El periodista Daniel Verdú debuta en la narrativa de no ficción con La bola (Alfaguara), una obra que reconstruye la enigmática figura de Mar de Marchis, impulsora de la revista cultural Jot Down. A través de una investigación basada en testimonios y documentos, el autor retrata también una etapa marcada por la crisis económica, la transformación de los medios y el auge de Internet como nuevo espacio de influencia.
Pocas figuras han despertado tanta curiosidad en el panorama cultural español como Mar de Marchis, el misterioso seudónimo tras el que se encontraba la impulsora de la revista Jot Down, uno de los proyectos editoriales más influyentes surgidos durante la crisis económica.
Ahora, el periodista de El País Daniel Verdú aborda esa historia en La bola, publicado por Alfaguara, un libro que mezcla investigación periodística y crónica social para reconstruir quién fue realmente la mujer que logró abrirse paso en el mundo de la cultura y el periodismo sin apenas mostrarse en público.
Un personaje que fascinó al mundo cultural
Según explica Verdú, el interés por Mar de Marchis comenzó en los primeros años de la pasada década, cuando su presencia en foros de Internet y posteriormente en el nacimiento de Jot Down despertó una enorme curiosidad.
La editora desarrolló gran parte de su actividad desde su propio domicilio debido a la agorafobia que padecía, una circunstancia que no le impidió establecer contacto con periodistas, escritores, intelectuales y personalidades de la cultura española.
Para el autor, una de las claves de su éxito fue su capacidad para conectar con las personas y comprender rápidamente cómo relacionarse con cada interlocutor.
Mucho más que la historia de una persona
Aunque el punto de partida del libro es la figura de Mar de Marchis, Daniel Verdú sostiene que La bola también pretende explicar una época.
El autor define la obra como una reconstrucción basada exclusivamente en hechos reales que sirve para analizar los profundos cambios vividos durante los últimos quince años en ámbitos como el periodismo, la cultura, la economía y las relaciones sociales.

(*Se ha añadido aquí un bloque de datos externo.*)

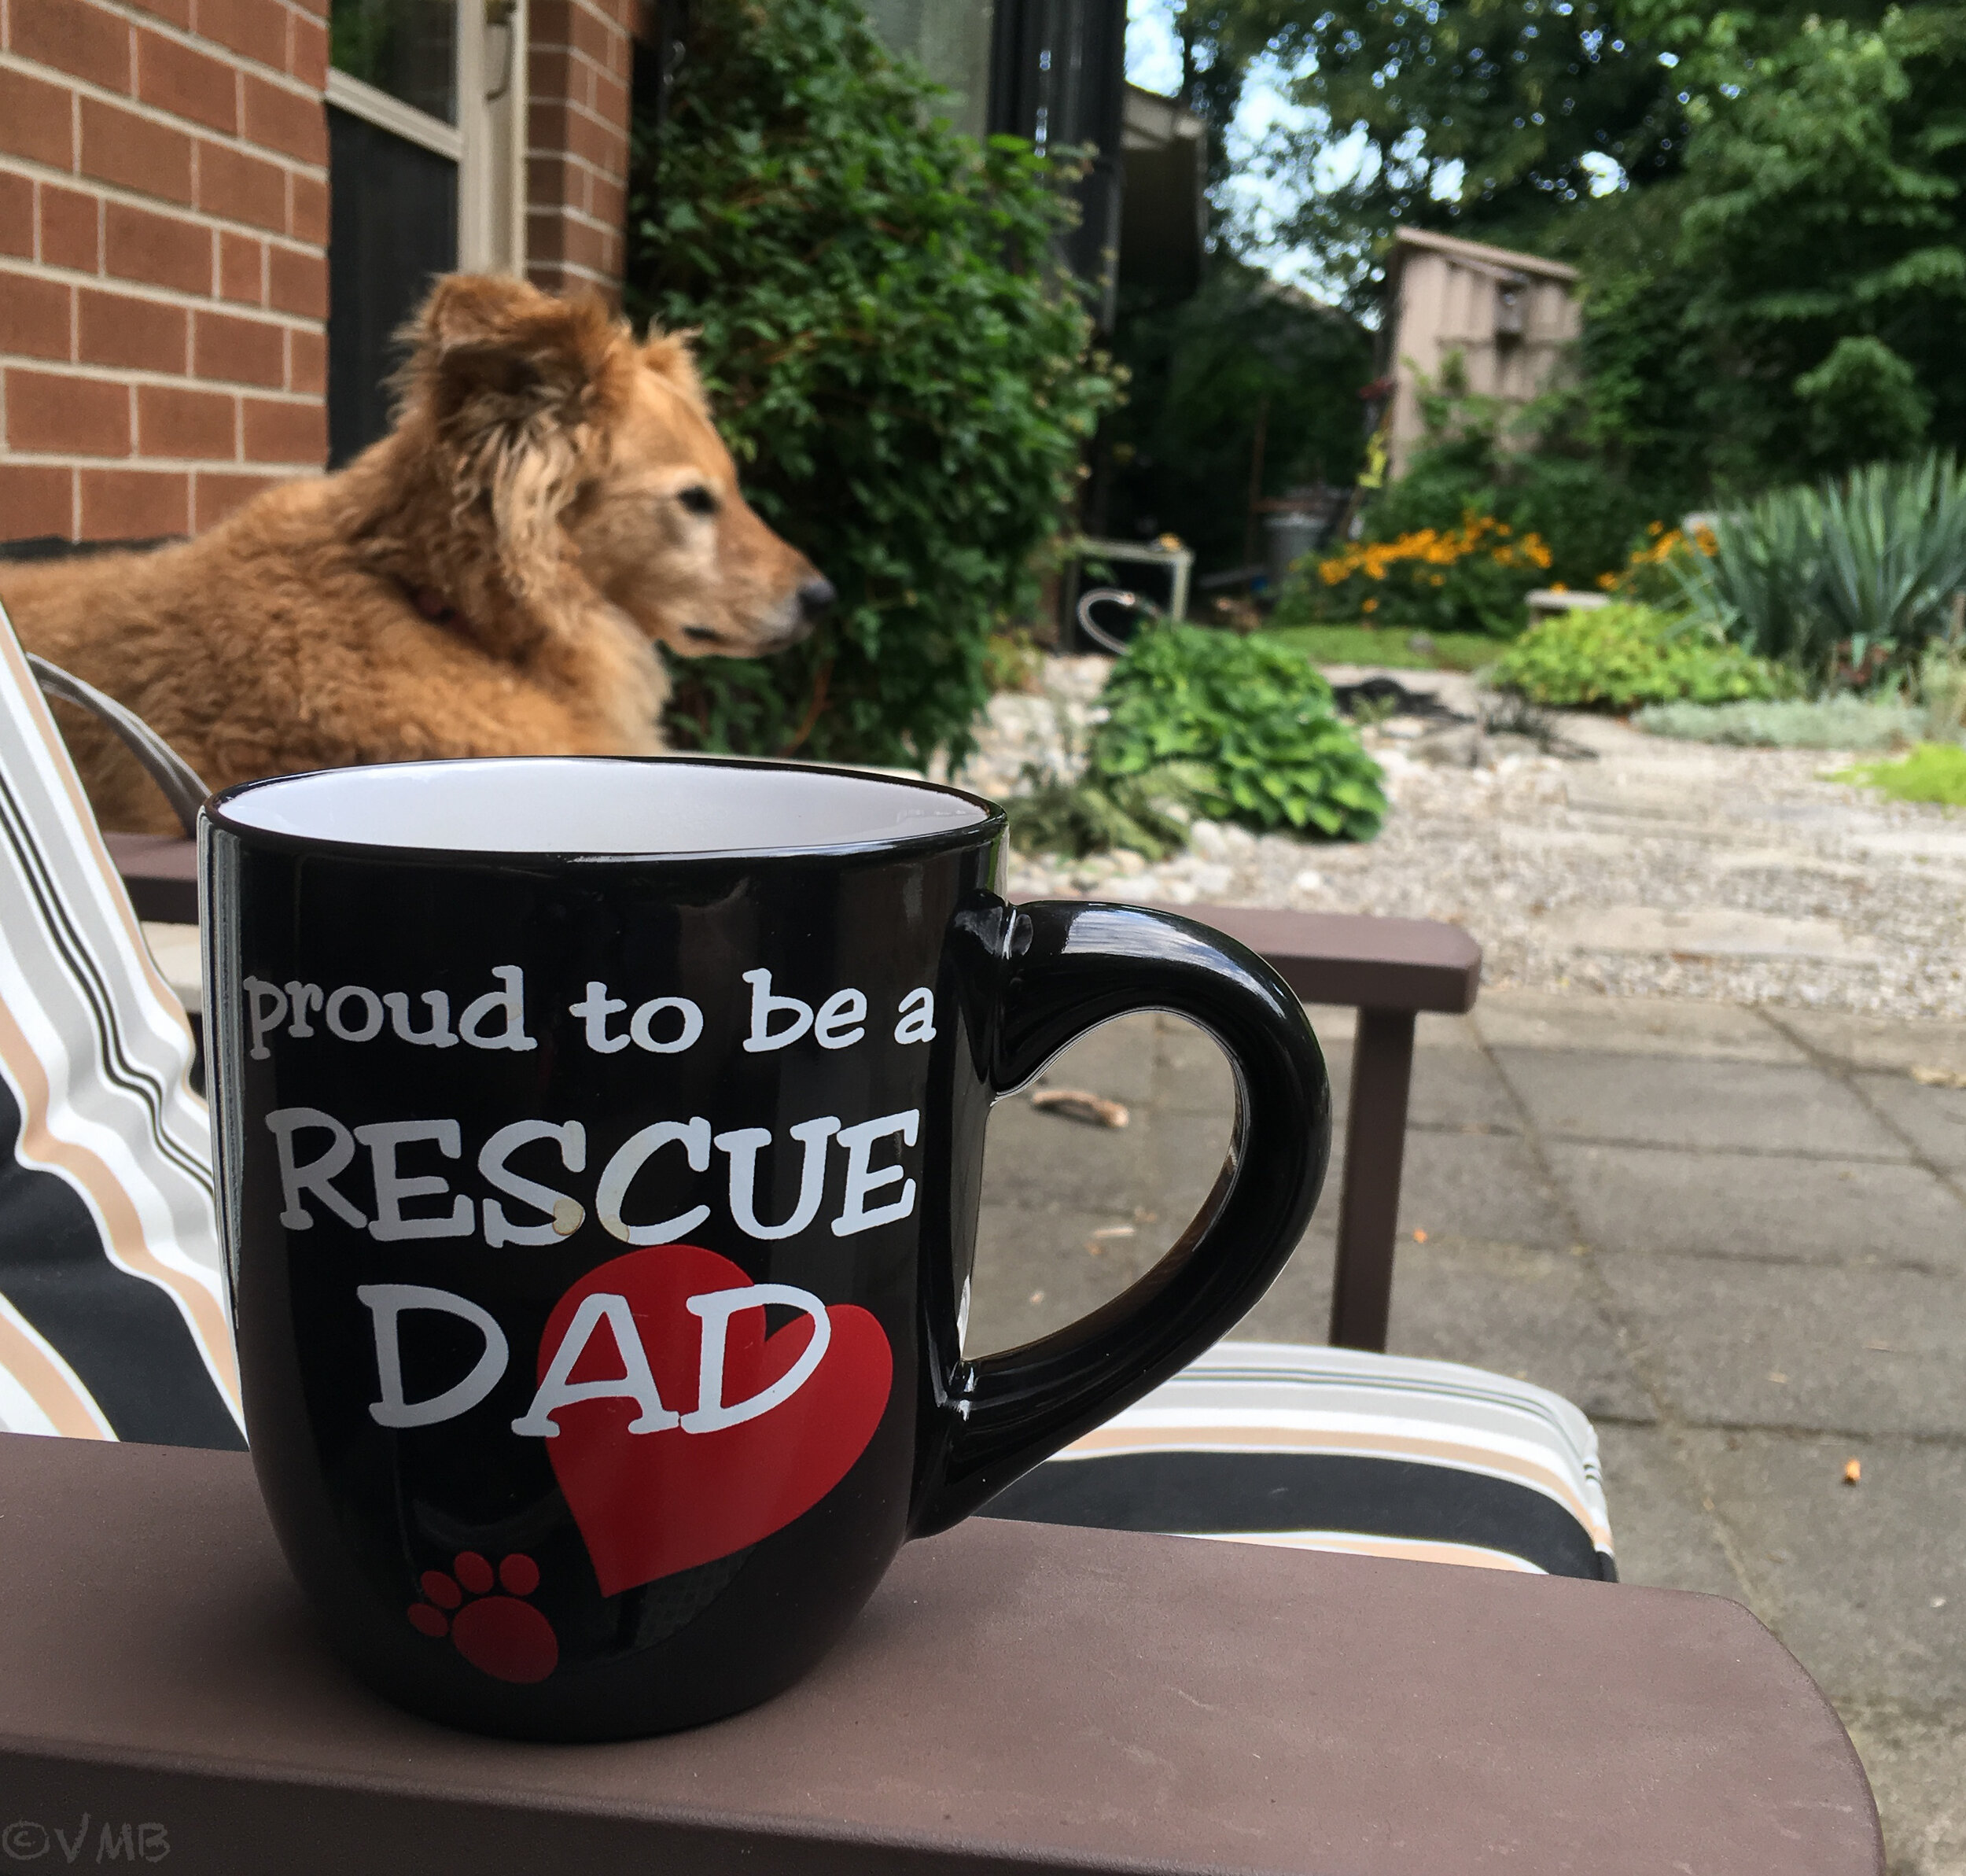 Proud to be a rescue dad coffee mug with our rescue dog holly in the background..jpg

Según explica, el contexto de crisis económica favoreció la aparición de nuevos proyectos editoriales digitales que comenzaron a competir con los grandes medios tradicionales y abrieron nuevas formas de comunicar.
El nacimiento de Jot Down
Uno de los momentos centrales del libro es la creación de Jot Down en 2012.
Verdú considera que el proyecto editorial surgió en un momento especialmente delicado para los medios de comunicación, cuando muchos lectores buscaban nuevas voces y formatos diferentes.

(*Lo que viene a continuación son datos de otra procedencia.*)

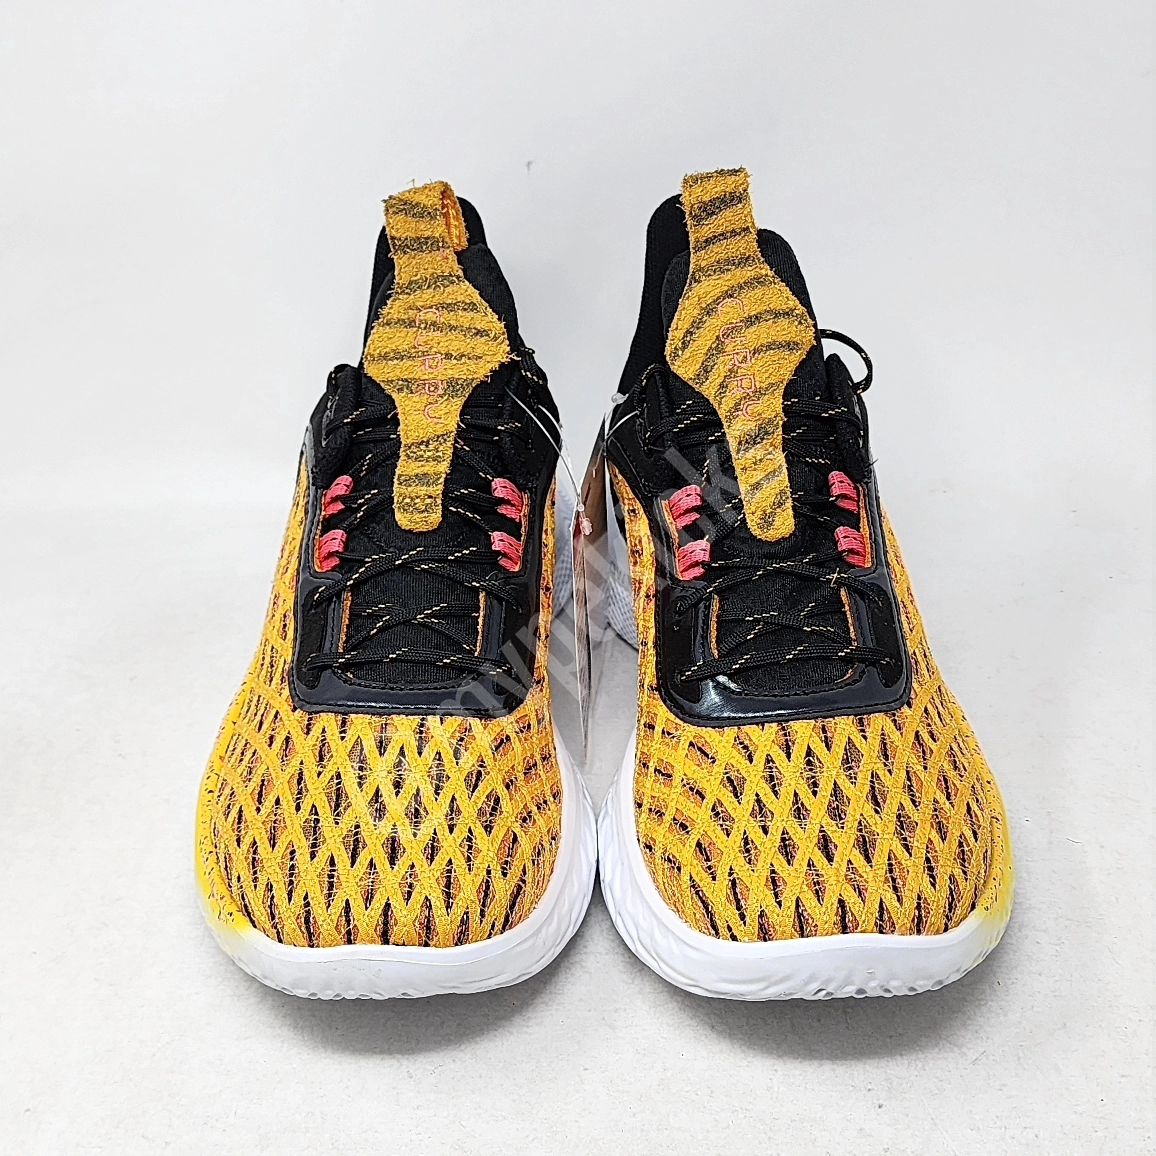 Under Armour Curry 9 - Stephen Curry Golden State Warriors PE

En ese contexto, la personalidad enigmática de Mar de Marchis contribuyó a aumentar el interés por una revista que acabaría convirtiéndose en un referente del periodismo cultural en España.
Una investigación sin ficción
El periodista insiste en que La bola no es una novela, sino una obra construida a partir de entrevistas, testimonios y documentos.

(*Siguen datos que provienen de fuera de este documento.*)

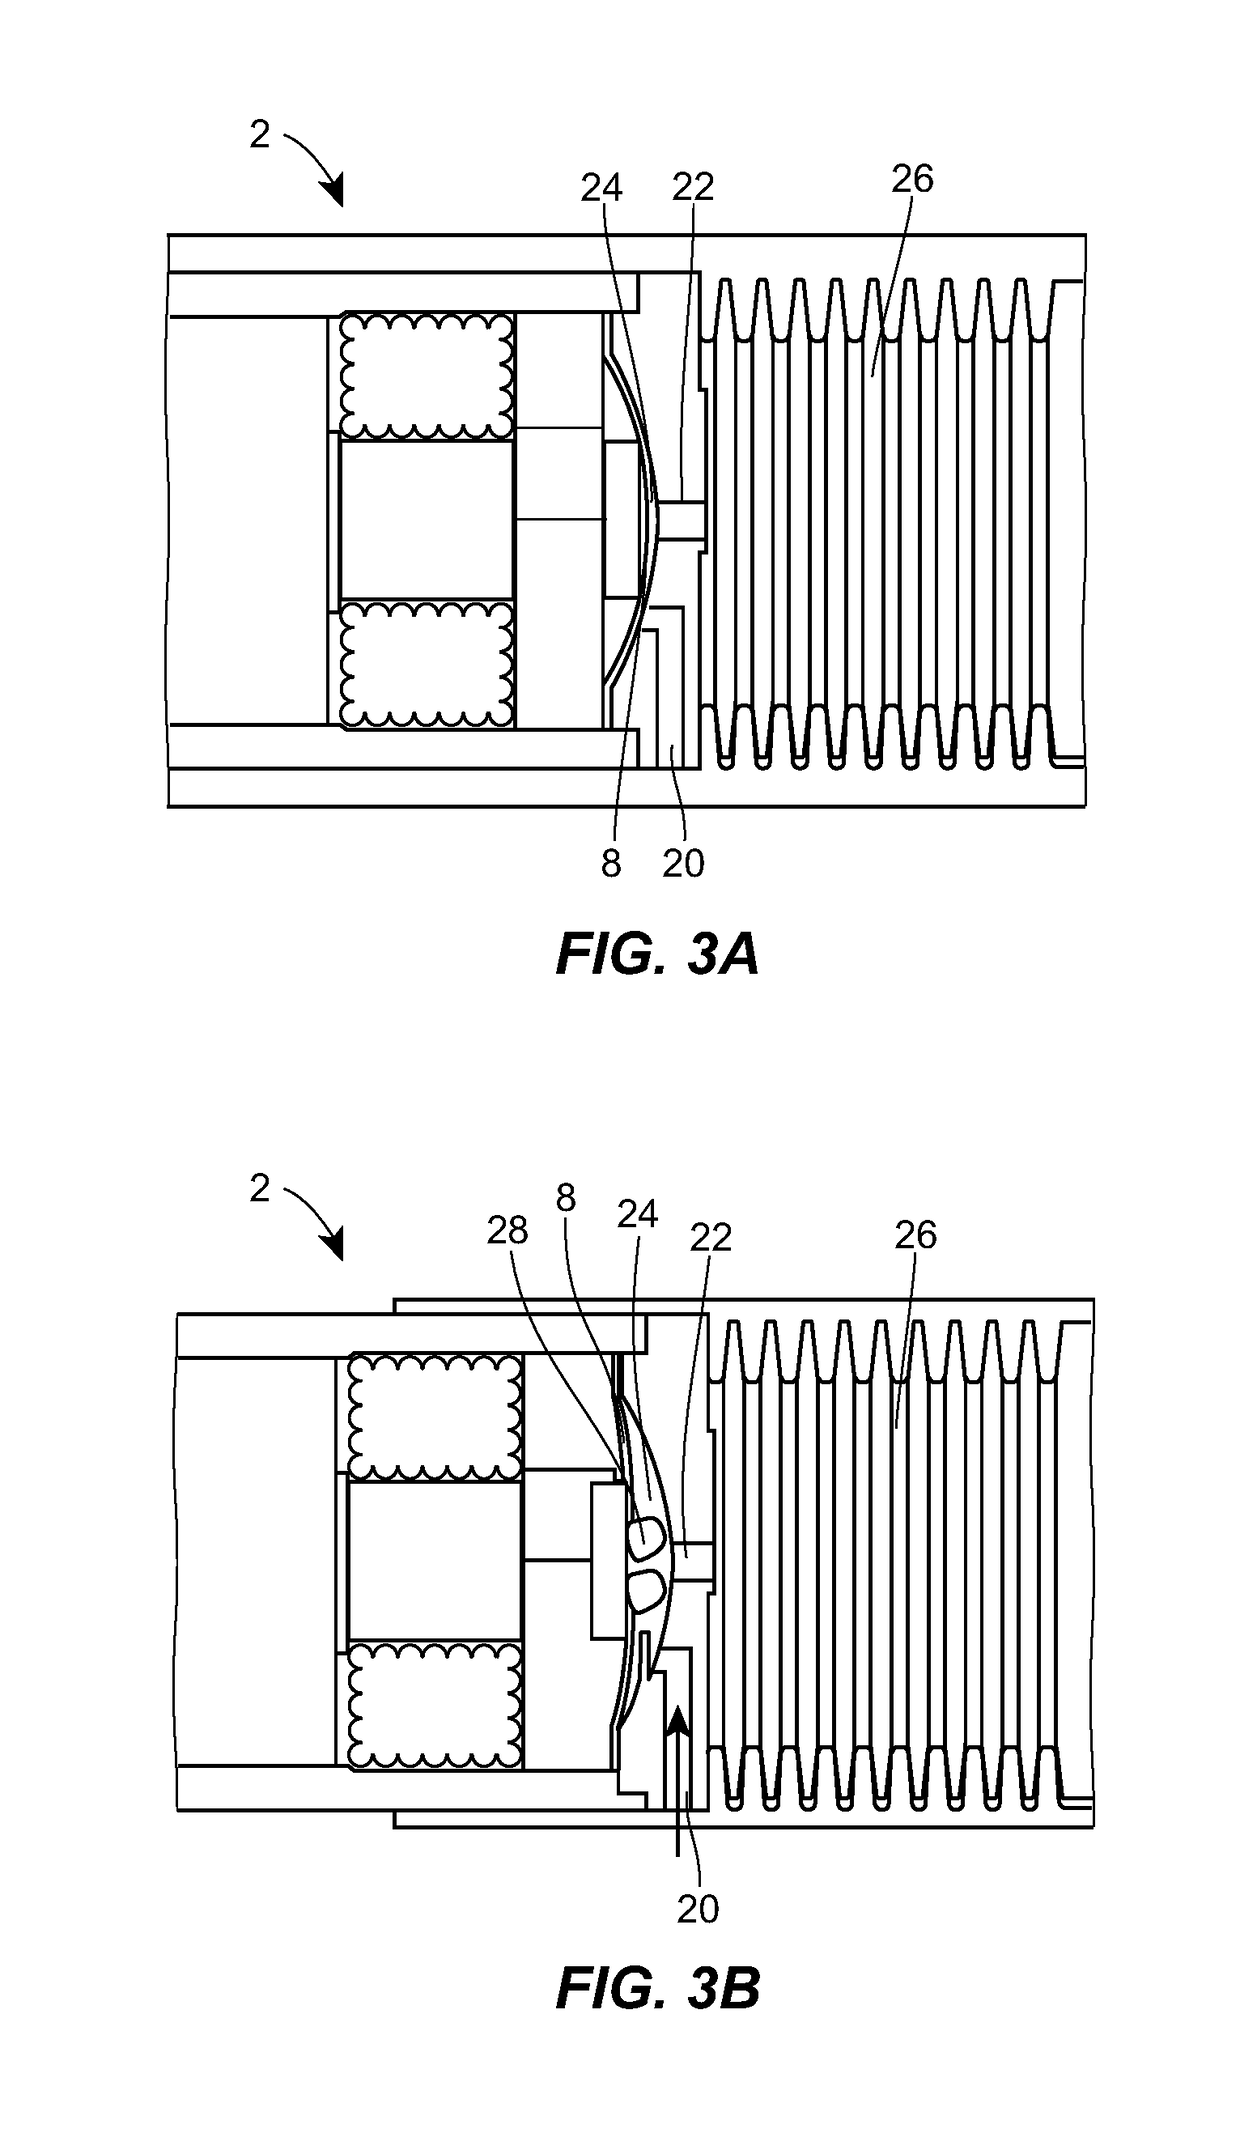 Ingestible Capsule Device for Collecting Fluid Aspirates

Según afirma, todos los acontecimientos narrados proceden de personas que conocieron a Mar de Marchis o de escritos que ella misma dejó, sin incorporar elementos de ficción.
El propósito, asegura, no era desmontar el personaje ni elaborar un retrato sensacionalista, sino comprender cómo una mujer prácticamente desconocida consiguió ejercer tanta influencia en el mundo cultural español.
Una historia ligada a Alicante e Italia
El interés personal de Daniel Verdú por esta historia también tiene un componente biográfico.
Mientras trabajaba como corresponsal en Roma descubrió que Mar de Marchis se había instalado muy cerca de su domicilio en la capital italiana.
Además, ambos compartían vínculos con la provincia de Alicante, ya que la editora era natural de Santa Pola, muy cerca de Elche, ciudad con la que el periodista mantiene una estrecha relación familiar.
Estas coincidencias despertaron aún más su interés por investigar el personaje.
La polémica tras la publicación
La aparición del libro ha generado debate en redes sociales y entre personas próximas a Mar de Marchis, algunas de las cuales cuestionan la conveniencia de publicar una investigación sobre alguien fallecido que ya no puede responder o matizar determinados aspectos de su historia.
Daniel Verdú rechaza esas críticas y sostiene que limitar la escritura únicamente a personas vivas impediría abordar buena parte de las grandes biografías y obras periodísticas.
El autor defiende además que el enfoque de La bola parte del respeto y de la fascinación por un personaje complejo que, más allá de su propia historia personal, simboliza una etapa de profundos cambios en la cultura, los medios de comunicación y la manera de construir la influencia en Internet.